De olhar assustado, corria indômito,
Cabeça de vento, de poucos medos
E muitos sonhos.

(RAMONND, Maurício. 19-07-12)

A MESMA DOSE

Em cada bar uma (des)pedida.
Em cada copo uma vida.
Em cada dose uma ferida que teima em sangrar.

É! É só isso! Escrever-beber por em cada palavra
um pouco pouco do que somos.
Mas, afinal, o que será de nós que sonhamos?

(RAMONND, Maurício. Prosa Poética Impura, 2012)

ROTINA

Às seis da manhã
Formigas operárias perambulam pelos vãos da cidade adormecida,
Da cama reviro-me, saiu insone.
Tenho 27 anos! Ecoa amiúde, Tenho 27 anos!
E um não sei quê de raiva e descabimento.
Por isso, não acredito nos muros
E na esperança que o anseio de ser mais me engendra.
Pois enquanto outros caminham
– Entre escolas, farmácias e bares –
Sinto um vazio abissal a roçar meu espírito de salário e pão;

Quantos lugares a conhecer?
Quantas comidas? Quantas pessoas? Quantas mentiras a contar?
Eu e minha permanência, insignificante menino do campo.
Quantos olhares a fitar?
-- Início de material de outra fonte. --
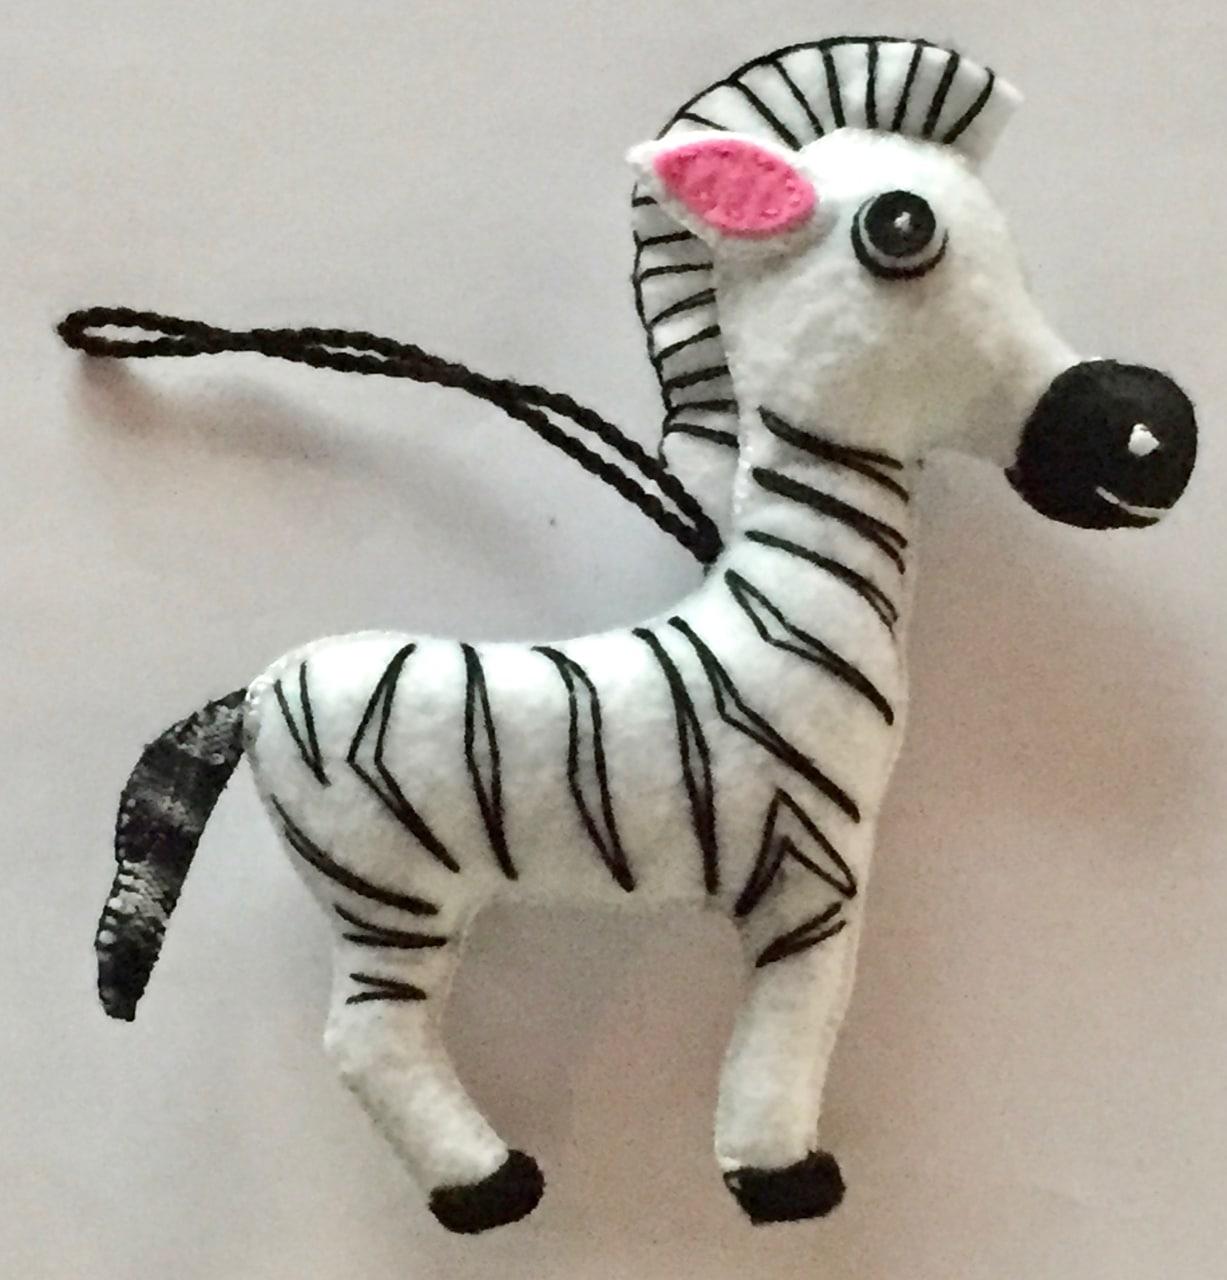 Zebra Ornament - Felt and Repurposed Traditional Fabric

Quantos (amigos) inimigos a fazer?
Eu e o medo da chuva tonitruante, insipiente contador de estrelas.

Ao meio dia,
Vago andante, retiro minha máscara de flandres;
Trago no peito uma solidão sem nome;
– Na abstração teatral da urbe –
Divido um espaço entre outros que comem;
Enceno mais um capítulo da minha farsa existencial;
E entre os edifícios que compõem o meu horizonte cinza.
Observo às horas refletidas na minha tez,
Pressionado pela idade já ida,
Com a sensação de ter
Pela frente um resquício de vida.

À noite,
Em pé, enfrente a morada que me ampara o sono,
Aflito pássaro silente movido pelos cadarços invisíveis do tempo,
Sinto pesar sobre meus ombros um plúmbeo número do calendário:
22, hoje são 22, não faz muito, fiz 27.
Restam-me alguns dentes,
Uma boca amarga,
Um aranhão na testa,
Uma velha casca de ferida...
E ao espelho, vejo como dói – fico mudo –
O ávido efeito
De uma fome louca de tudo.

(RAMONND, Maurício. Prosa Poética Impura, 2012)

É

É
É fome do inominável,
É querer que não cabe, descabido.
É vontade de ser, não ser, vir-a-ser...
É desejo de mais, cais, ais...
É palavra sem destino;
É fruto absurdo, prisão presente, pacato passado;
É verbo intransitivo corroendo o estômago;
É anseio de que um apagador apague a dor;
É um que atira a dor num alvo que é o outro;
É felicidade expatriada, futuro gerúndio martelando;
É ir para além do umbigo, é o que cobiço e não digo
É pessoa sem Pessoa, é Drummond sem pedra, é símio que medra;
É país sem Bandeira, é do teto que abriga o sono dos mendigos, a goteira;
É poesia desritmada, grasnada...
É, é no dia sem fim, que eu me vejo assim, alienígena de mim.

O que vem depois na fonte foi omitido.